En sus guiones para Spike Jonze (¿Quieres ser John Malkovich?, El ladrón de orquídeas) o Michel Gondry (Eterno resplandor...), Kaufman dejaba sus complejos artefactos en manos de cineastas que uno podría llamar lúdicos, juguetones. Con él mismo al frente del barco, se pierde ese lado liviano y cómico (lo intenta en un principio, pero no lo logra) y deja en primer plano todas las preocupaciones metafísicas y filosóficas, y a un personaje frustrado y frustrante, con el que, finalmente, resulta muy difícil identificarse por más que se compartan ciertas obsesiones, temas y (malas) elecciones.

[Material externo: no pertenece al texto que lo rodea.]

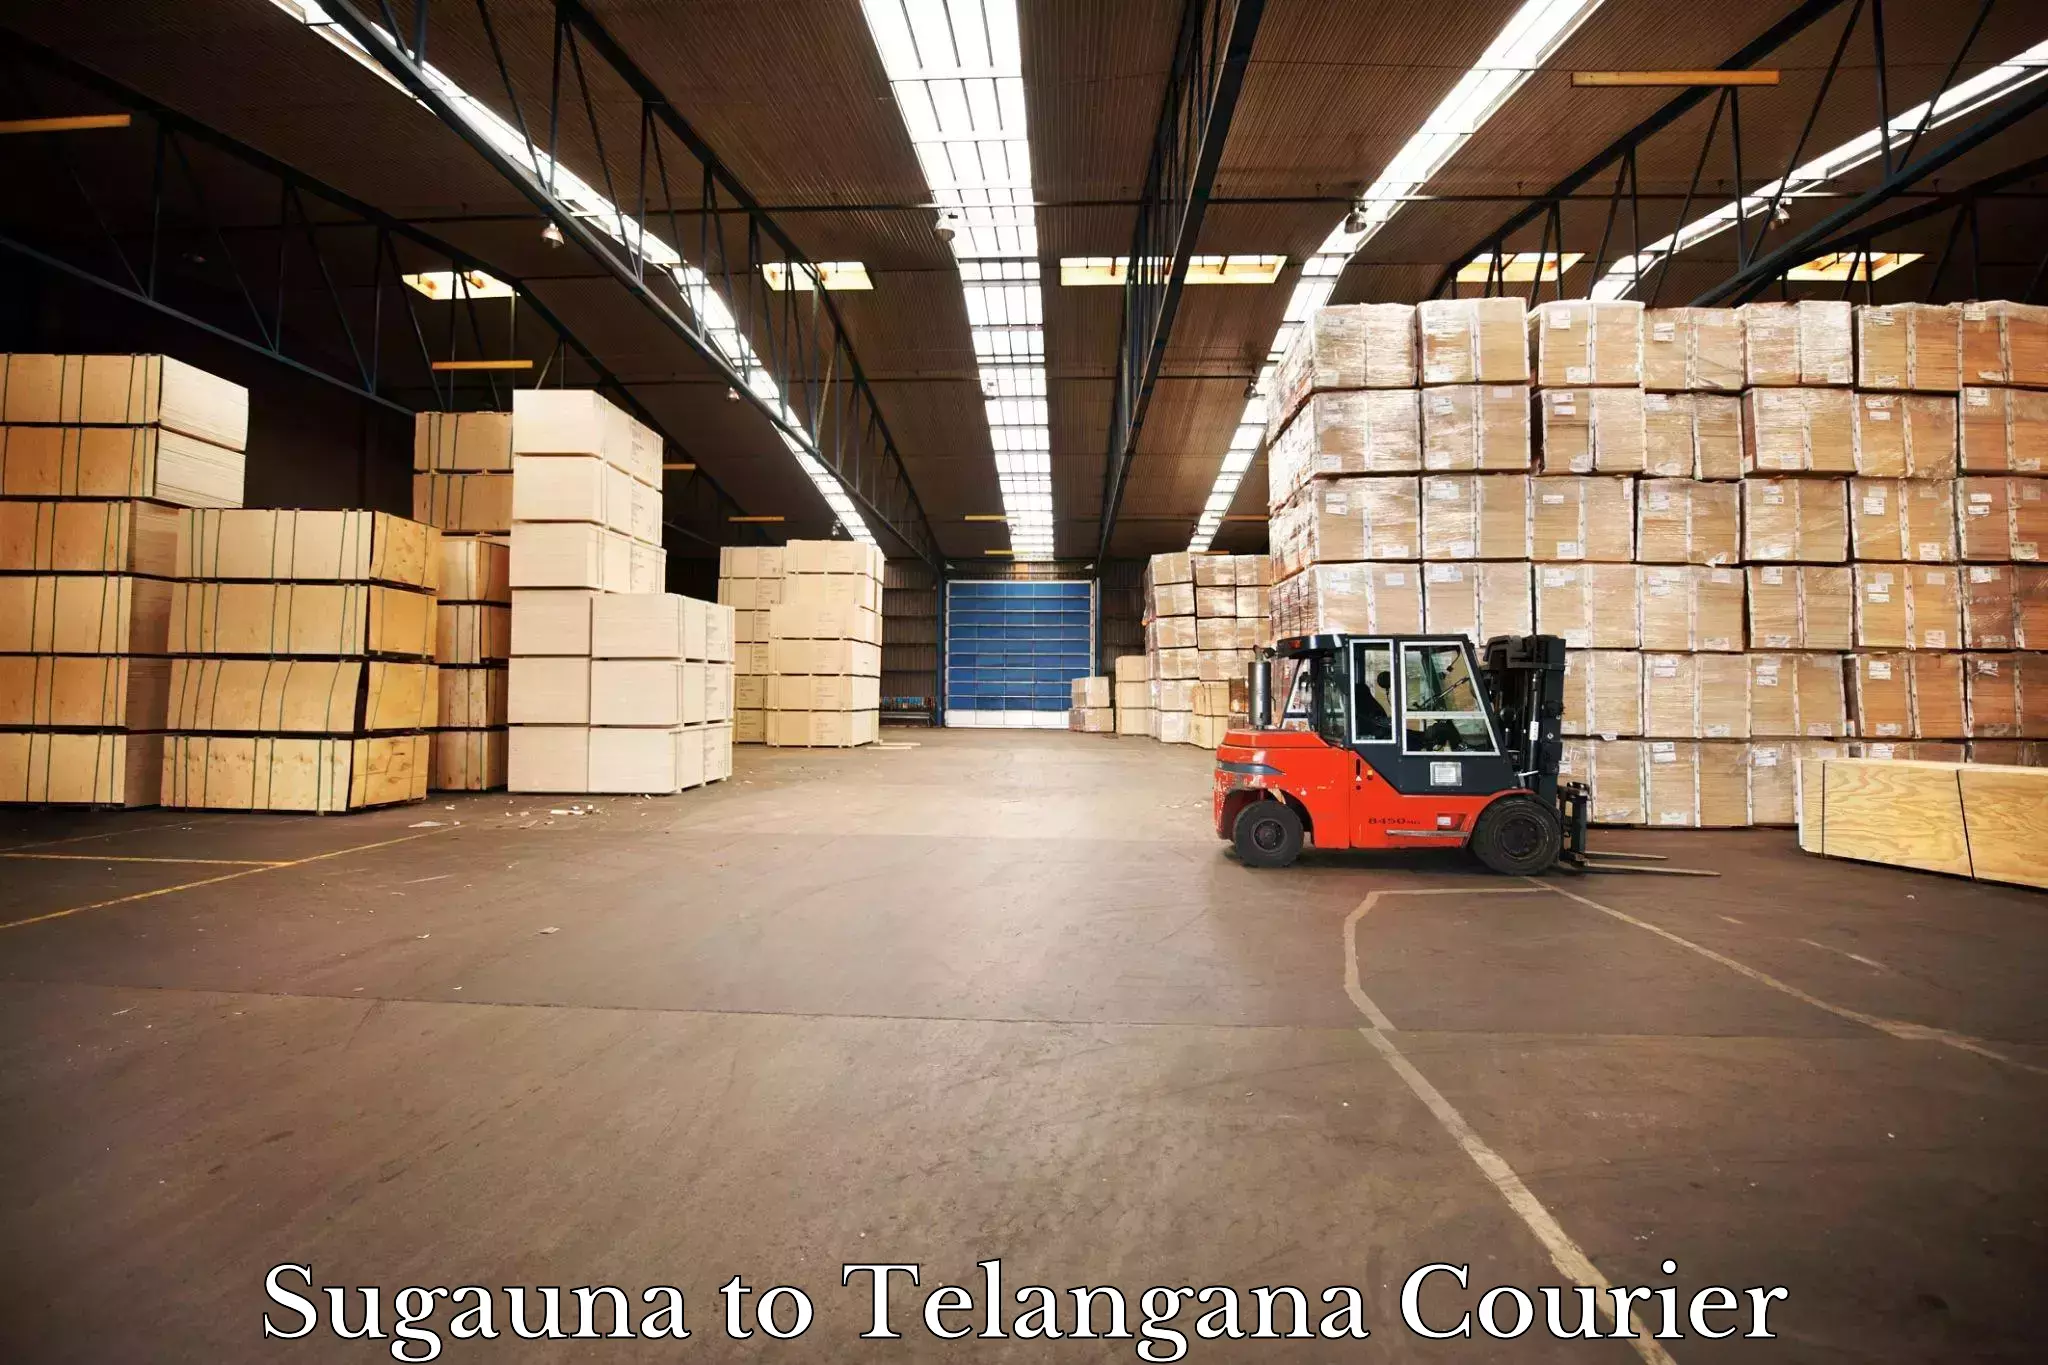 Door-to-door freight service Sugauna to Telangana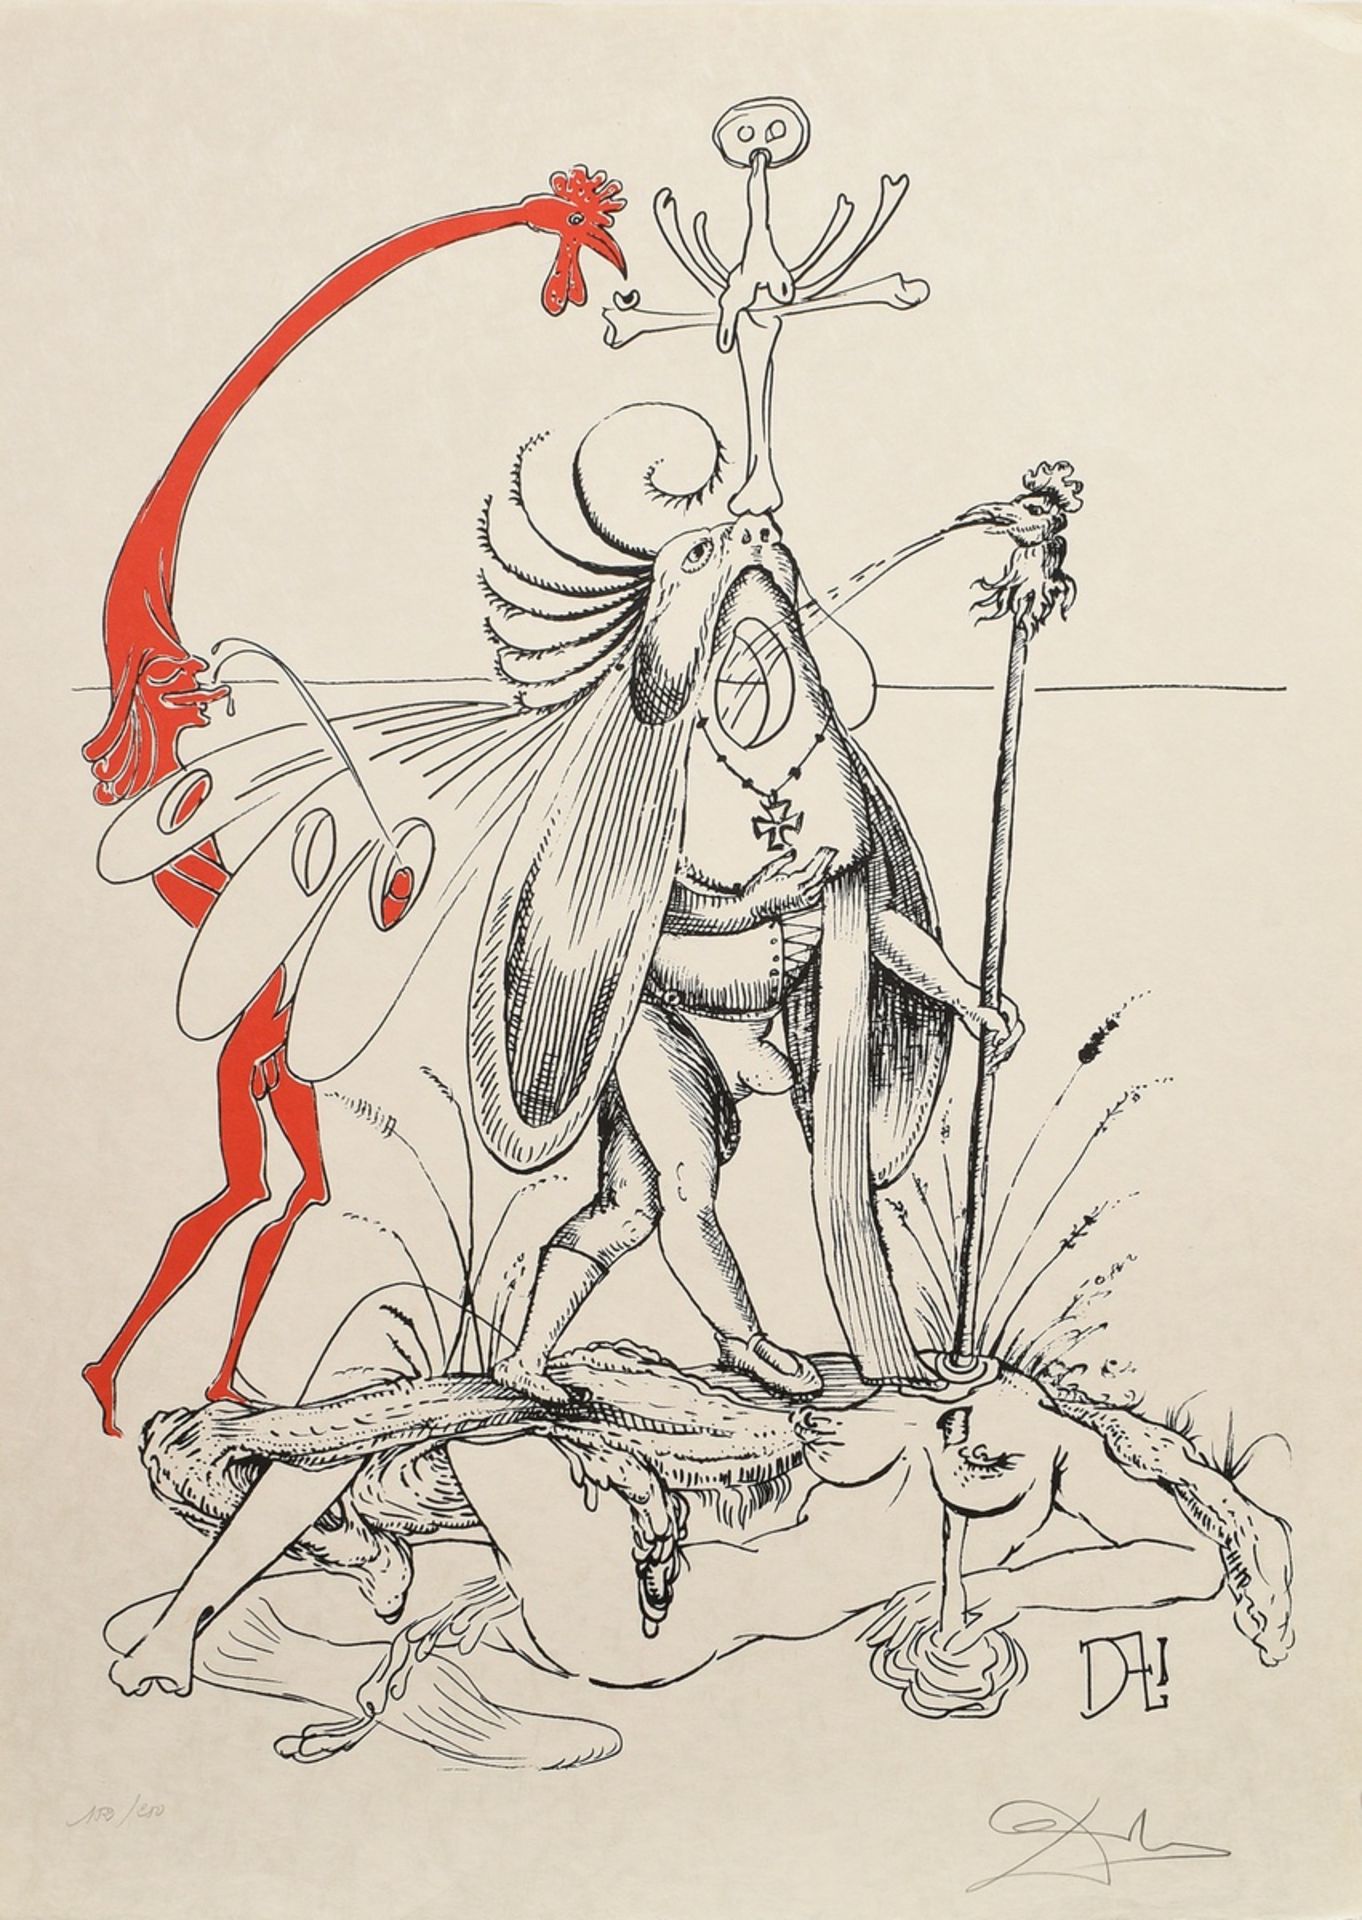 Dalí, Salvador (1904-1989) "Les songes drolatiques de Pantagruel”, 152/250, 25 (Farb-)Lithographien - Bild 3 aus 27

De cualquier manera, Kaufman sigue siendo un fascinante creador de universos, capaz de intentar crear una "sinécdoque" (figura retórica que refiere a una parte que representa un todo; de allí viene el título original del filme) del mundo entero y de todas las preocupaciones humanas y, al no poder reducirlo, termina construyendo una vida dentro de otra, un simulacro que lo consume. A él y a Caden.
Ambiciosa y desmedida, creativa y voraz, angustiante a más no poder, Todas las vidas... es un extraño viaje por el mundo de las ideas, pero un filme acaso demasiado cerebral para que toda la experiencia humana que debería contener nos interpele y nos conmueva.